Dalam era digital ini, penting dan sewajarnya untuk mengkritisi bagaimana platform seperti TikTok mempengaruhi budaya dan mendorong kita untuk menemukan cara-cara baru untuk mendukung dan merayakan kebebasan dan keragaman yang menjadi ciri khas era post-modern.Â
Dengan memahami pengaruh TikTok dari perspektif pemikir post-modern seperti Lyotard, Baudrillard, Foucault, dan Butler, kita dapat lebih kritis terhadap bagaimana teknologi membentuk budaya kita dan berupaya untuk menciptakan ruang di mana kreativitas sejati dan ekspresi individual dapat berkembang. Ini adalah tantangan yang signifikan, tetapi juga peluang untuk menghidupkan kembali semangat post-modern dalam menghadapi realitas digital kita yang terus berkembang.
Menghadapi standarisasi TikTok sebagai bentuk kemunduran era posmodern memerlukan strategi yang menitikberatkan pada literasi digital, promosi kreativitas, dan penguatan identitas budaya. Salah satu langkah utama adalah meningkatkan literasi digital di kalangan masyarakat, terutama generasi muda, untuk memahami bagaimana algoritma platform bekerja dan dampaknya terhadap persepsi budaya serta nilai-nilai estetika.
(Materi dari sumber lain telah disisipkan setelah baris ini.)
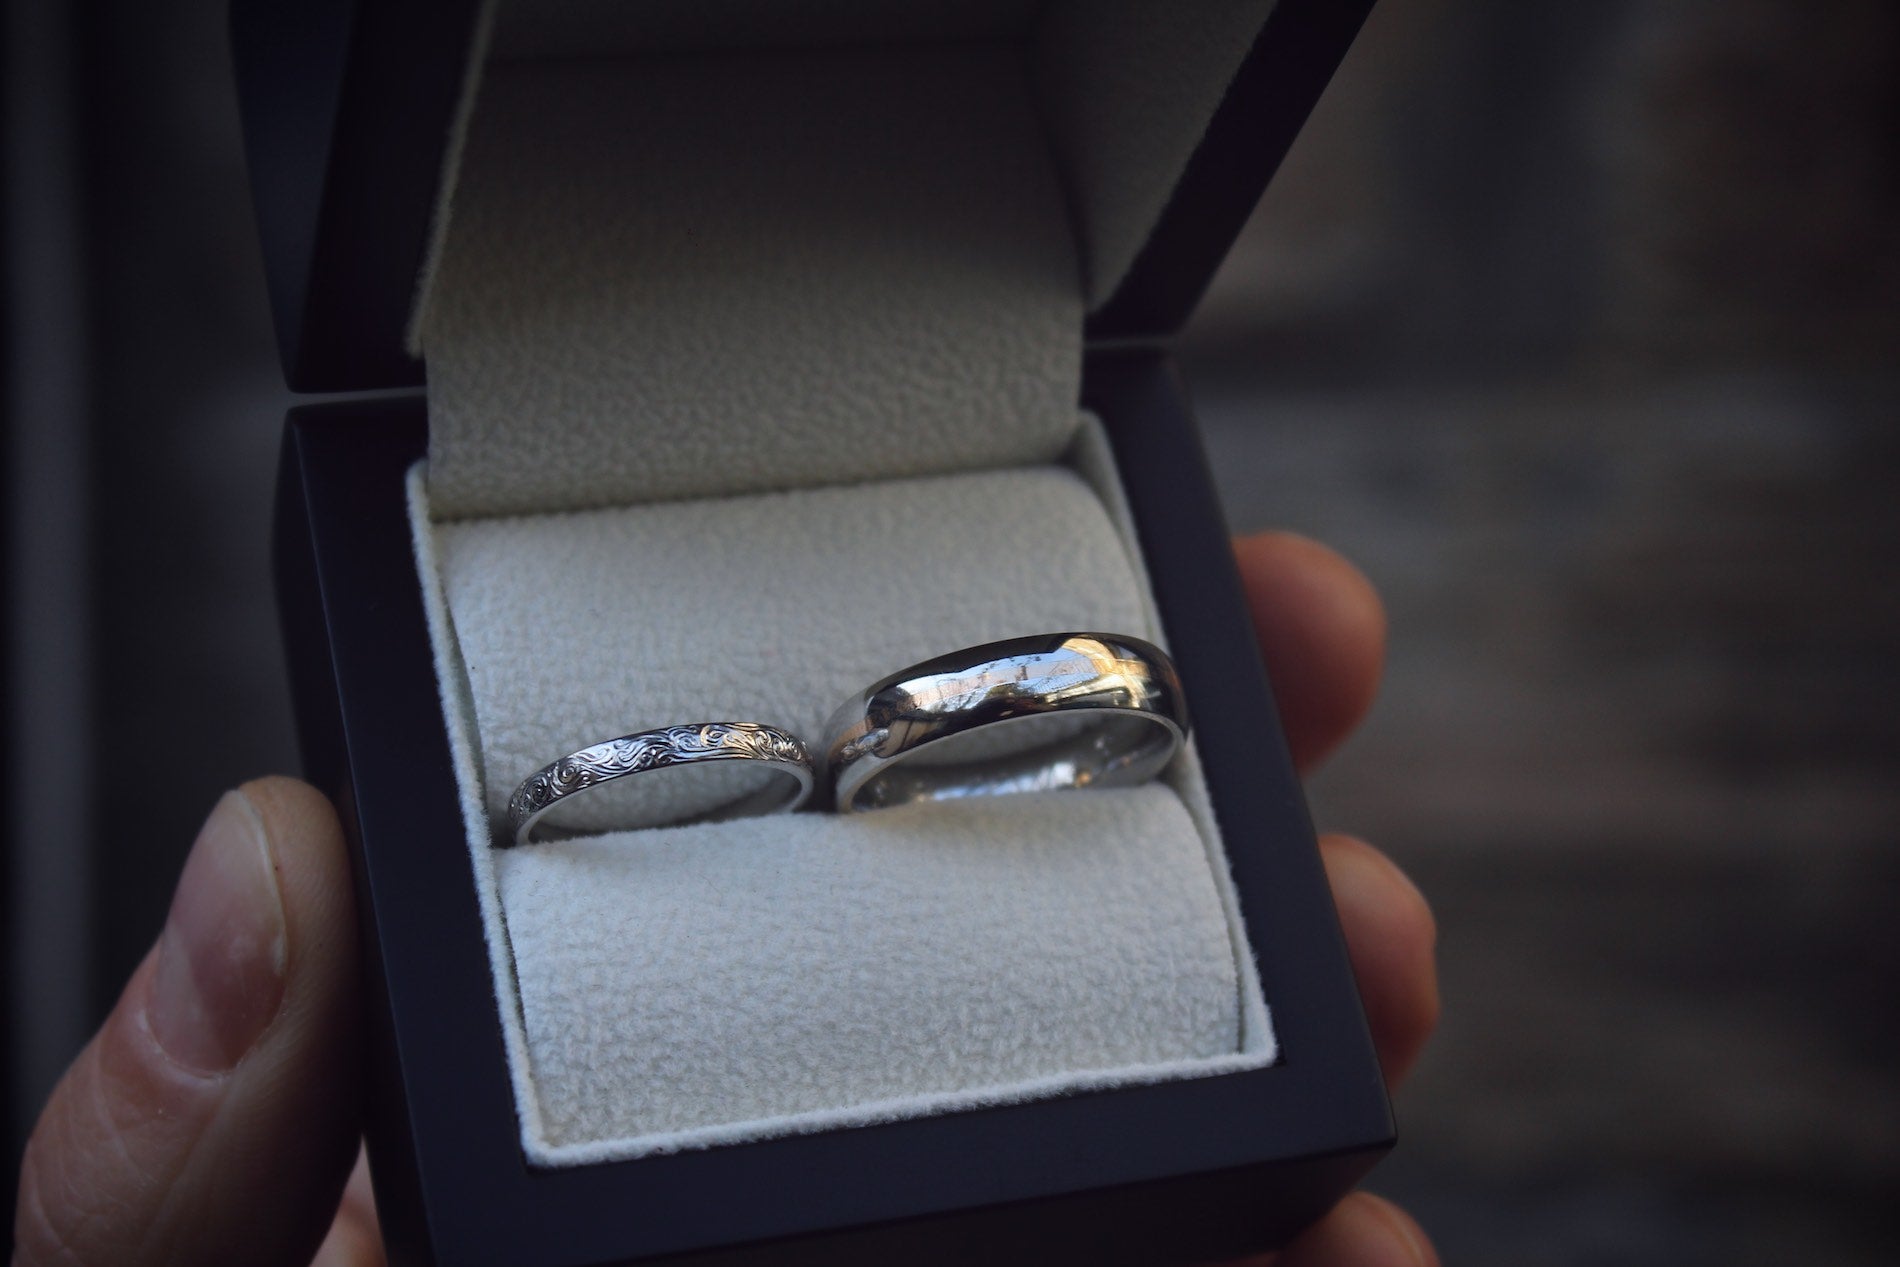 Hand Engraved Platinum Wedding Rings

 Selain itu, penting untuk mendorong produksi dan konsumsi konten alternatif yang menampilkan keberagaman dan inovasi, baik dari segi estetika maupun perspektif budaya. Pendidikan kultural dan diskusi publik juga perlu diperkuat untuk meningkatkan kesadaran akan pentingnya menjaga keunikan budaya di tengah derasnya arus standarisasi global.
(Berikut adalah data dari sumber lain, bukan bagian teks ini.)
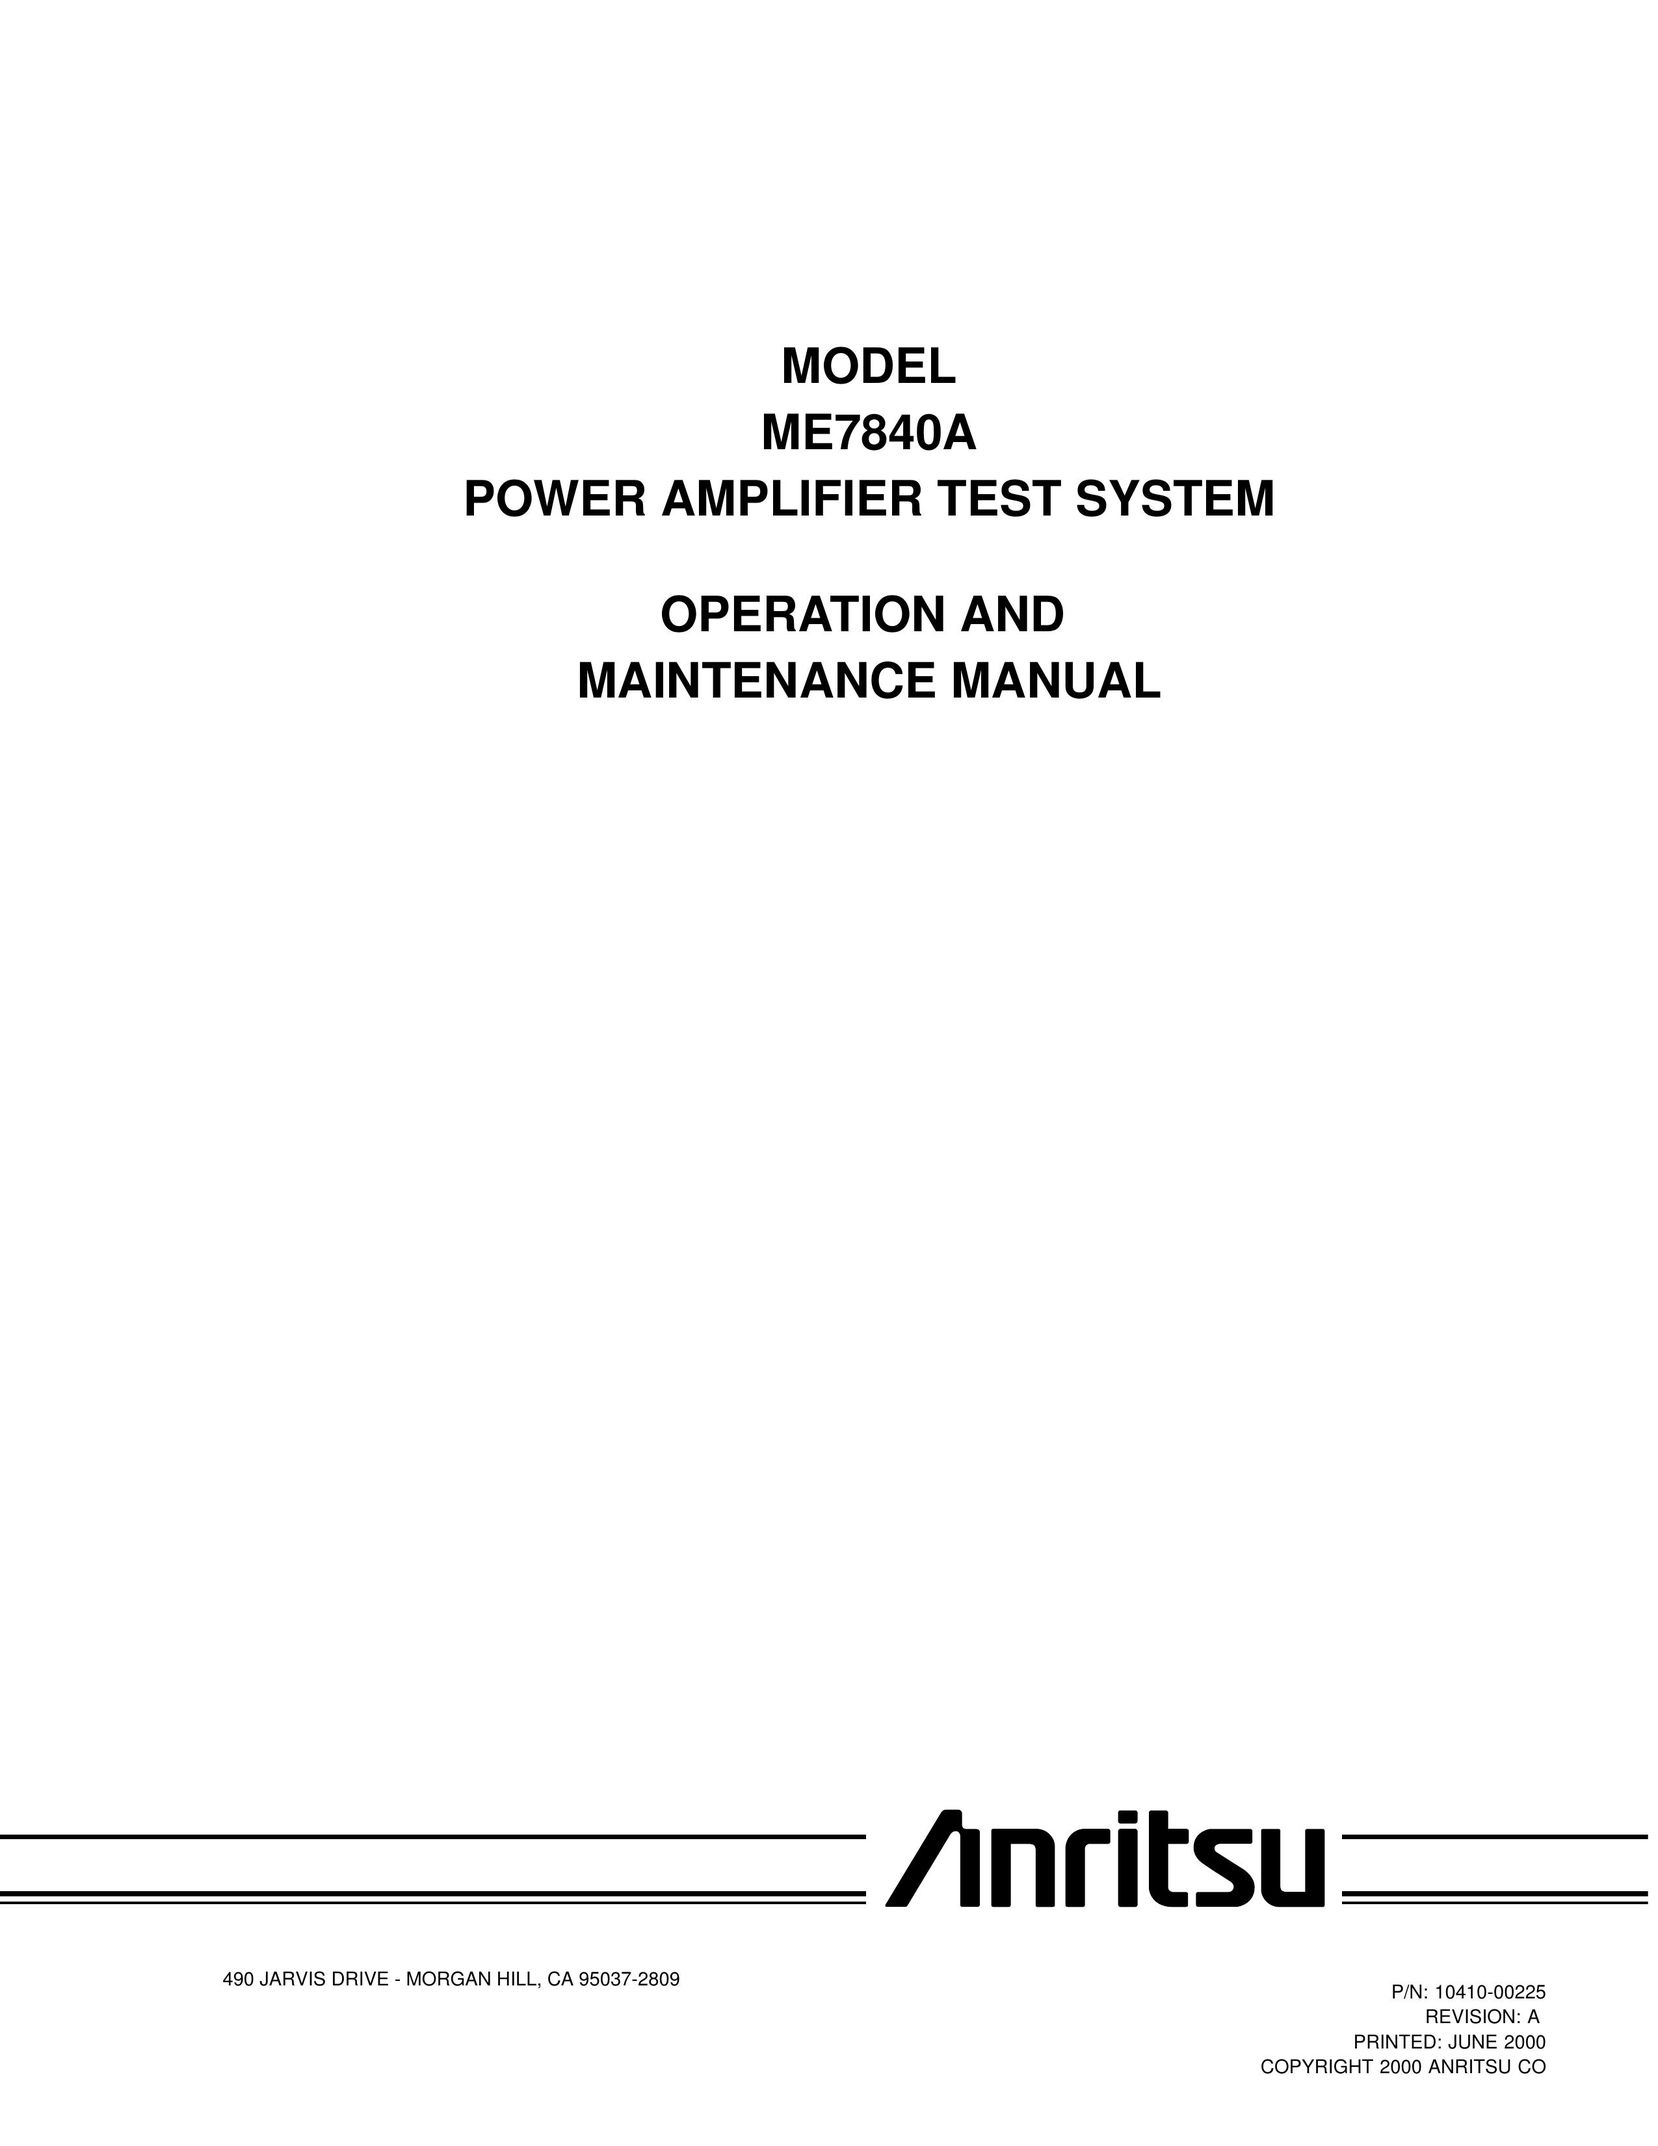 Anritsu ME7840A Stereo Amplifier User Manual

Kolaborasi dengan pembuat kebijakan menjadi krusial dalam menciptakan regulasi yang mendukung keberagaman konten dan meningkatkan transparansi algoritma. Di sisi lain, mempertahankan fluiditas identitas posmodern dengan mengajak masyarakat untuk mendekonstruksi narasi dominan yang muncul dari platform digital menjadi langkah penting dalam menjaga kebebasan berekspresi.